Justin looked up from his mayhem, distracted by the sound of her voice but not curious to know what she meant. Nicole smiled at him. Justin whacked happily away at the coffee table. “Wham! Wham!” he shouted.

“Beat her brains out, kid,” Nicole said. The doll, she thought with malicious glee, looked a little like Dawn.

After he’d worked out all of his hostility and some of Nicole’s, too, Justin went to bed with no more than a token protest. Nicole took a shower, pulled on a clean pair of designer sweats – Neiman-Marcus this time, with blocks of pure strong color, blue and hot pink and acid yellow, as if she could brighten her mood forcibly by livening up her color scheme – and scowled at the telephone. She didn’t think Frank had classes on Wednesdays this quarter. If he didn’t, he could take the kids, and she wouldn’t have to burn a vacation day riding herd on them.

When the hour crawled past nine o’clock and he still hadn’t called, she called him again. Again, she got Dawn on the answering machine. This time, she tried to be more civil. She didn’t know how well she succeeded.

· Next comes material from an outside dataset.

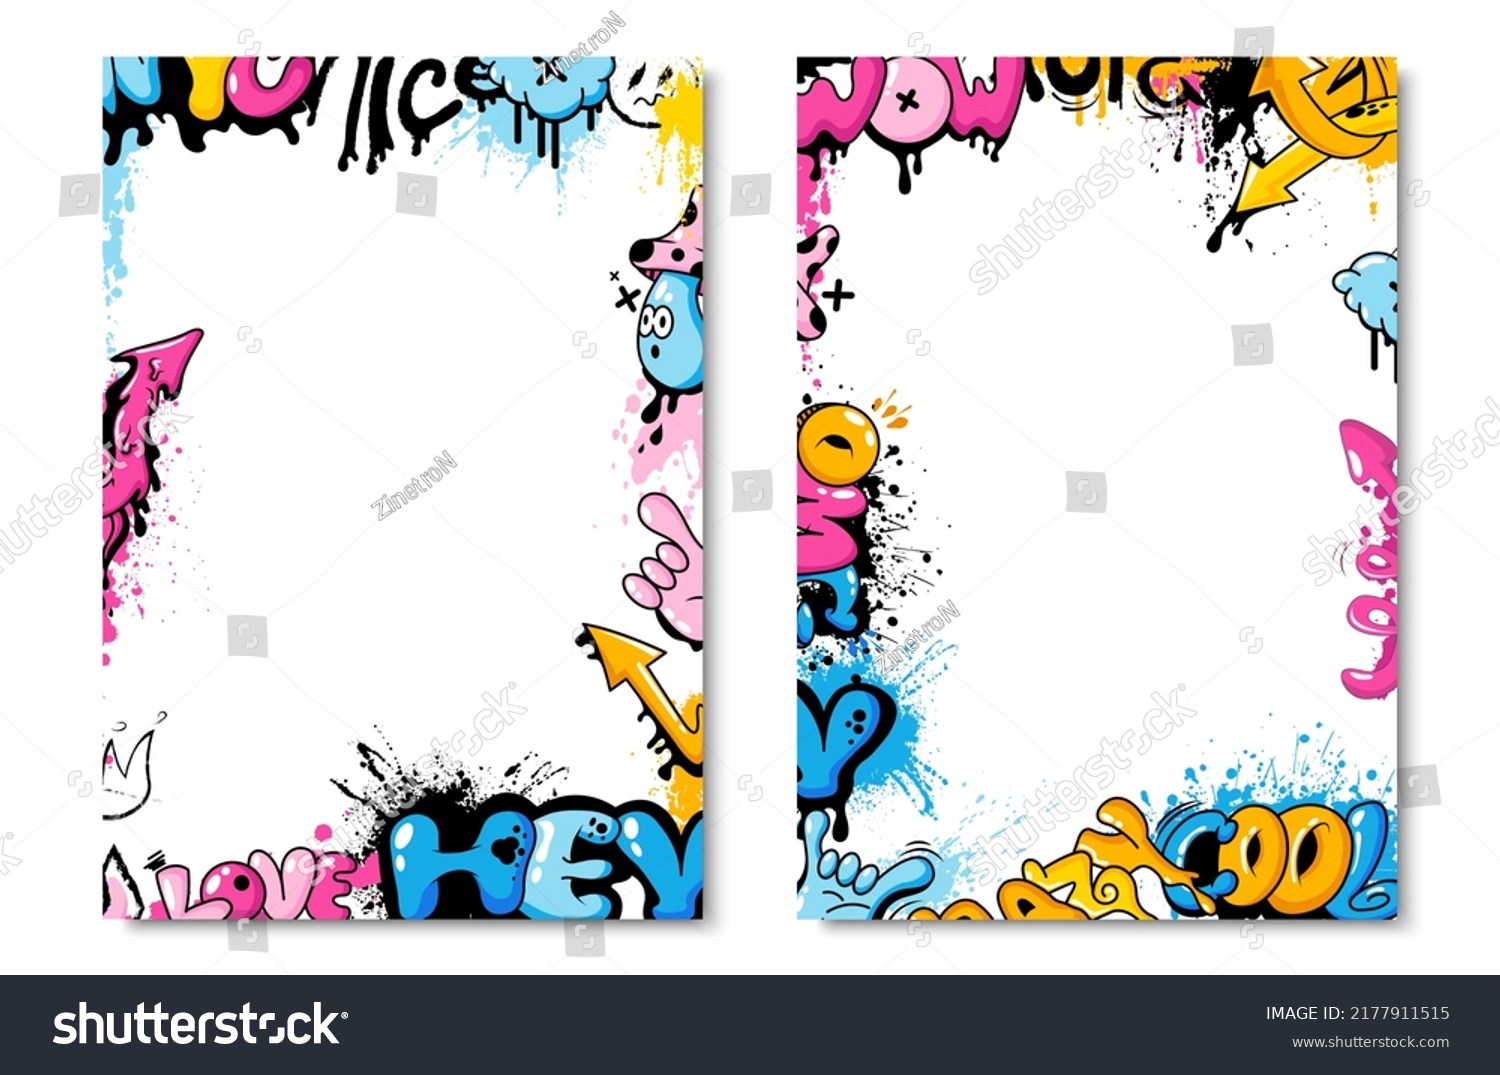 SVG of Colorful cute graffiti frame, poster or poster layout, art covers. Graphic set of street art with tags and graffiti with effect. A collection of street art background images. Vector illustration svg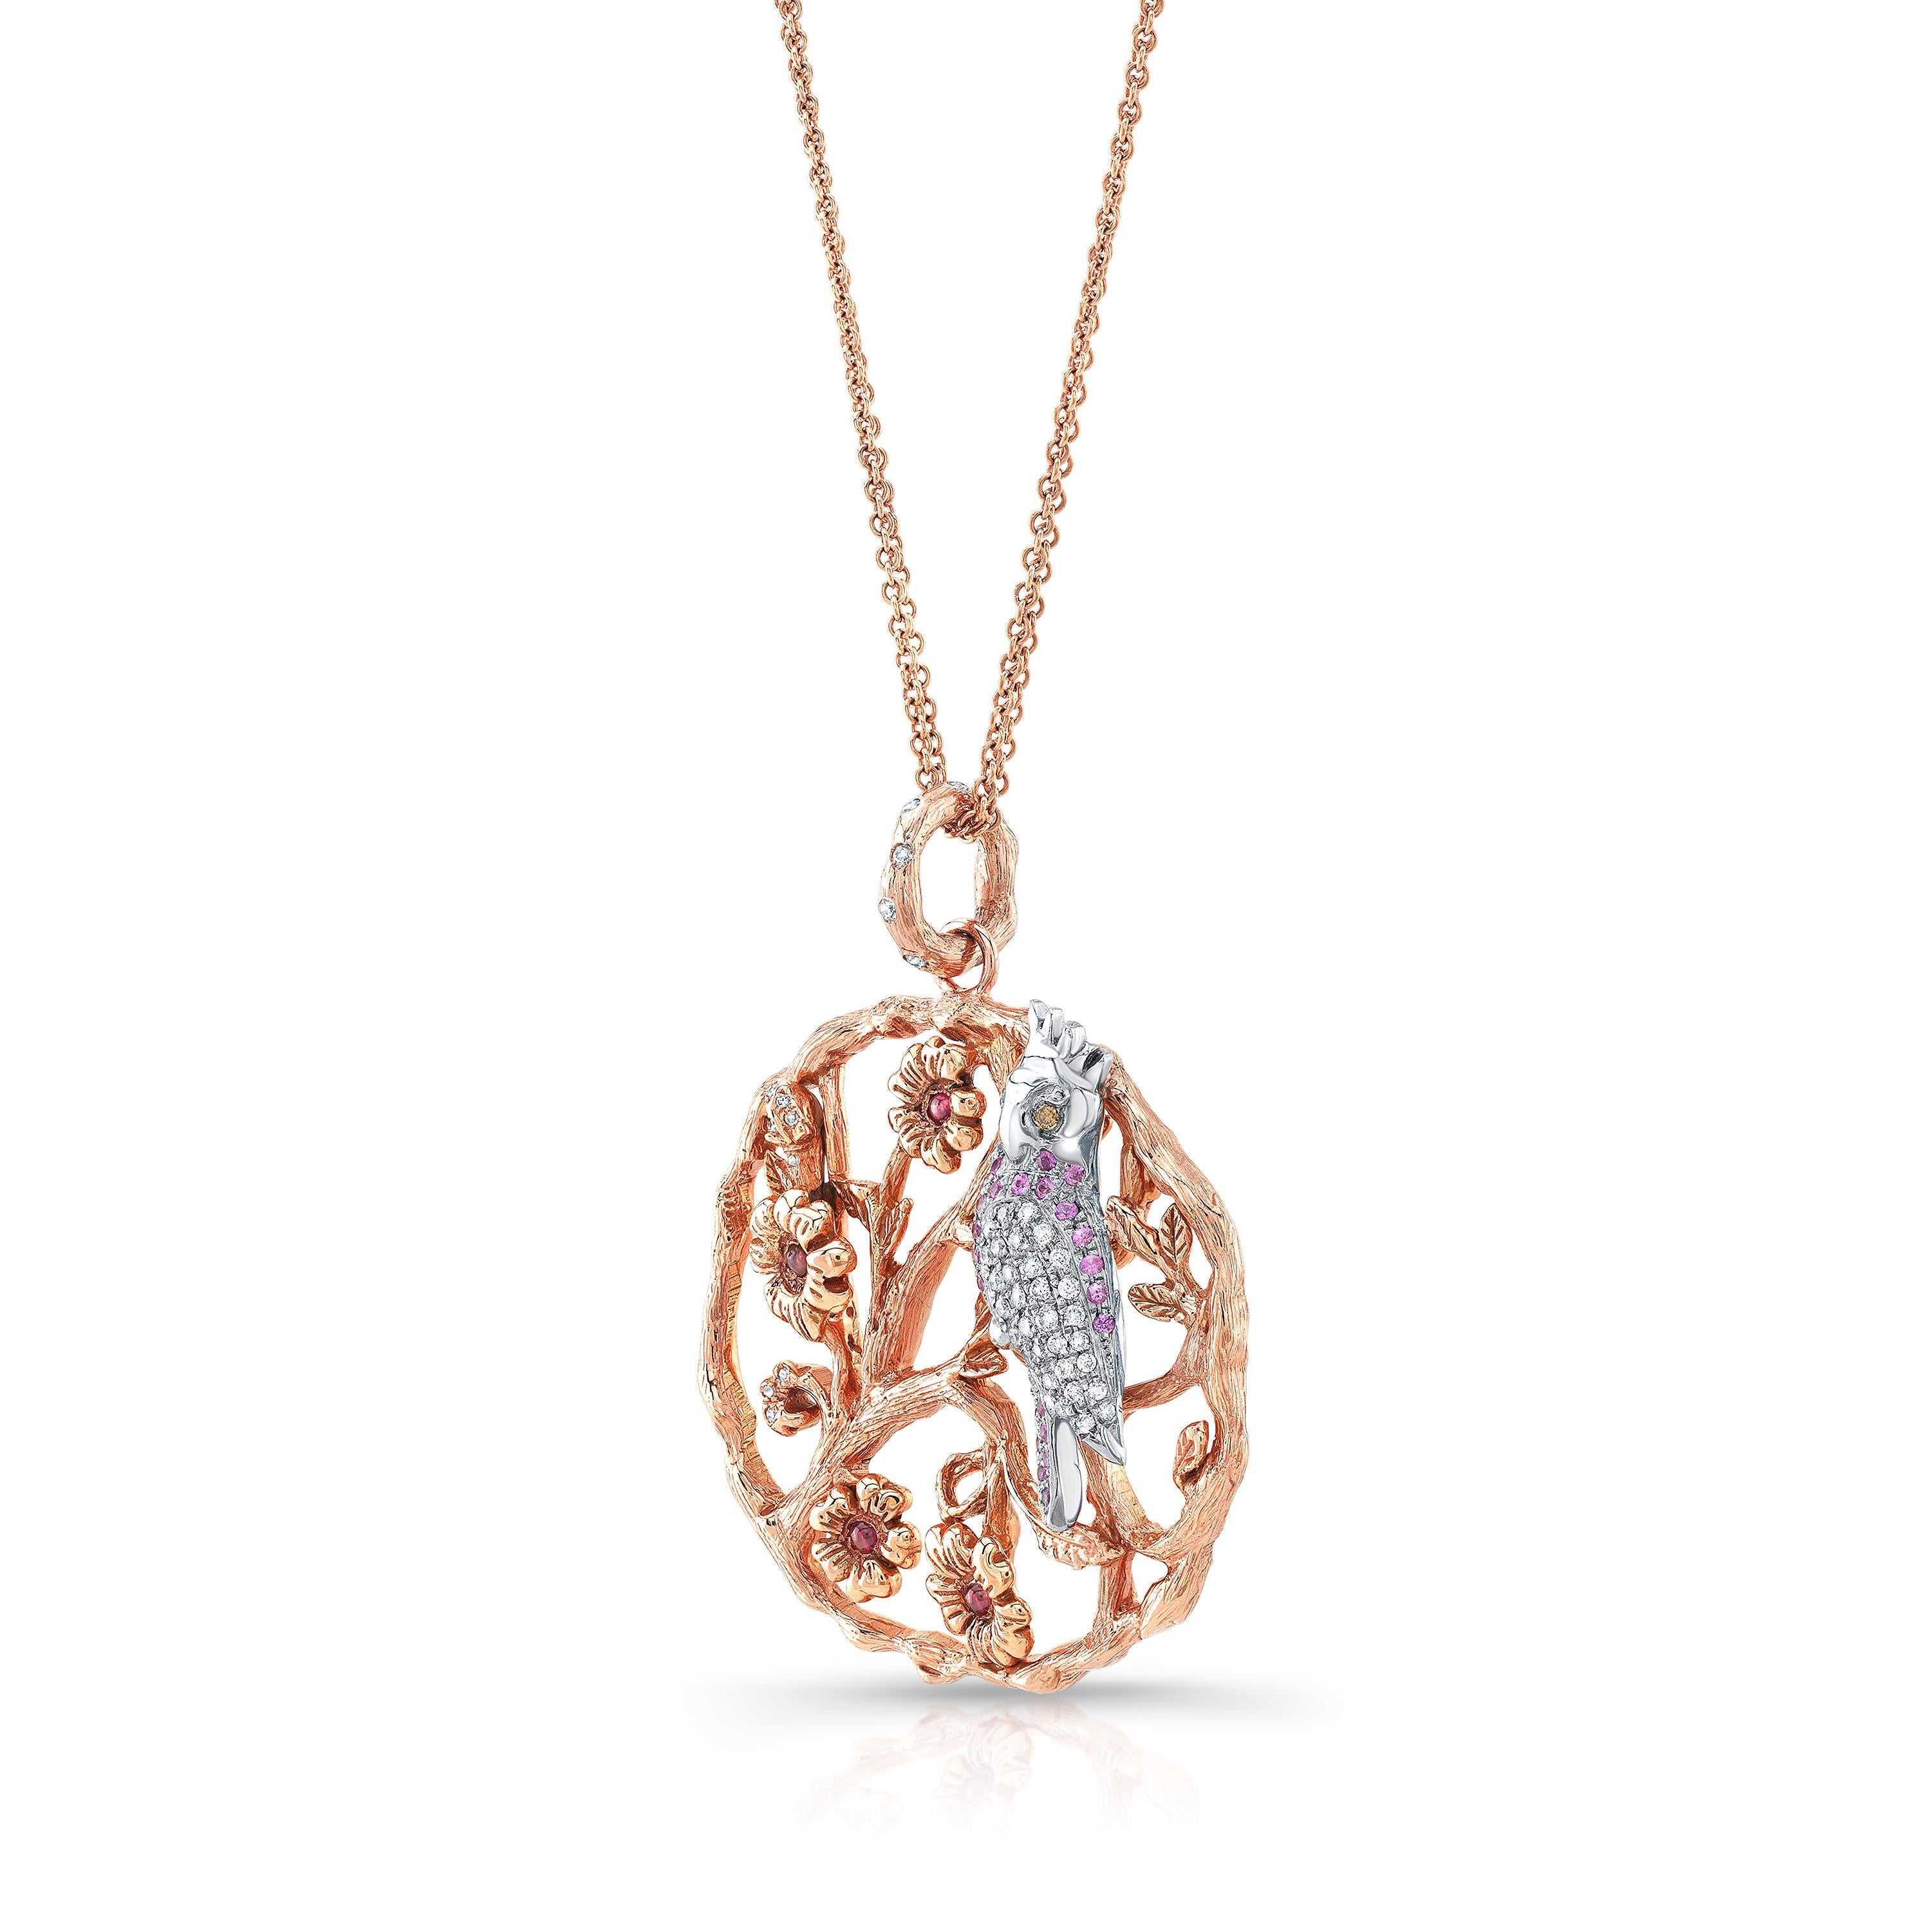 Amy Y’s Contemporary 18K-rose gold, diamond, ruby and sapphire bird and vine motif pendant necklace is a glorious replica of Australia’s native Galah bird. Beautifully handmade by Amy’s esteemed European artisans in 18K-rose gold and platinum, this

Ten o’clock rolled by. The telephone stayed obstinately silent. Shaking her head, Nicole went into the study and turned on the computer. She used America Online just often enough to keep from quitting the service. One reason she hadn’t quit was times like this. Frank might take too long to answer telephone messages, but he was religious about replying to e-mail the minute he saw it.

As soon as she logged on to AOL, a bright electronic voice announced, “You’ve got mail!” Nicole blinked. People didn’t send her e-mail all that often; the ones who knew she was on line also knew the mail might sit in her box for a couple of weeks before she saw it.

What the hell, she’d read it before she sent her own.

There was only one letter. It was from Frank, from his UCLA Internet address, and sent that afternoon. In the way of e-mail, it was short and to the point: The reason I can’t take the kids tomorrow is that Dawn and I are leaving for three weeks in Cancun tonight, so you might as well stop bugging me for a while, all right? I won’t be around to listen to it.